Backdoor (Trojan) attacks are an important type of adversarial exploit
against deep neural networks (DNNs), wherein a test instance is (mis)classified
to the attacker's target class whenever the attacker's backdoor trigger is
present. In this paper, we reveal and analyze an important property of backdoor
attacks: a successful attack causes an alteration in the distribution of
internal layer activations for backdoor-trigger instances, compared to that for
clean instances. Even more importantly, we find that instances with the
backdoor trigger will be correctly classified to their original source classes
if this distribution alteration is corrected. Based on our observations, we
propose an efficient and effective method that achieves post-training backdoor
mitigation by correcting the distribution alteration using reverse-engineered
triggers.
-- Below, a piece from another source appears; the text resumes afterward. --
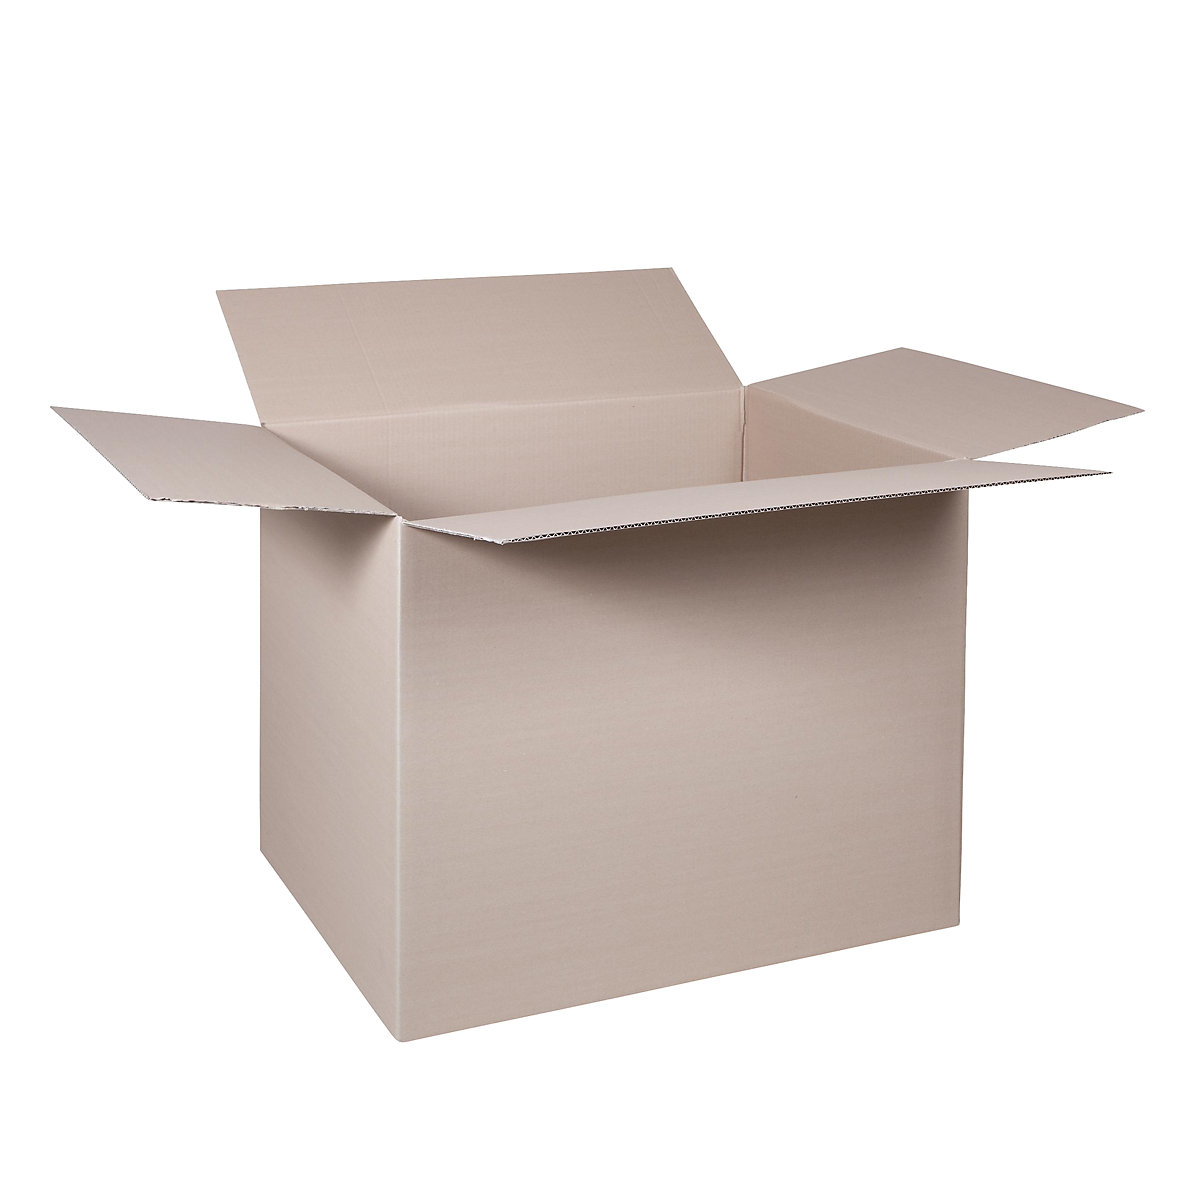 Cutie de carton pliantă, FEFCO 0201, cu 1 strat de carton ondulat, dimensiuni interioare 600 x 400 x 400 mm, amb. 50 buc.-12

Notably, our method does not change any trainable parameters of the
DNN, but achieves generally better mitigation performance than existing methods
that do require intensive DNN parameter tuning. It also efficiently detects
test instances with the trigger, which may help to catch adversarial entities
in the act of exploiting the backdoor.

这篇论文揭示和分析了后门攻击的一个重要特性：成功攻击会导致后门触发实例的内部层激活分布发生改变，与干净实例的分布不同。基于这一观察，作者提出了一种高效和有效的方法，通过使用逆向工程的触发器来纠正分布变化，从而实现后期训练的后门缓解。该方法不会改变 DNN 的任何可训练参数，但与需要大量 DNN 参数调整的现有方法相比，其缓解性能普遍更好。它还能有效检测带有触发器的测试实例，可以帮助及时发现恶意攻击者对后门进行利用。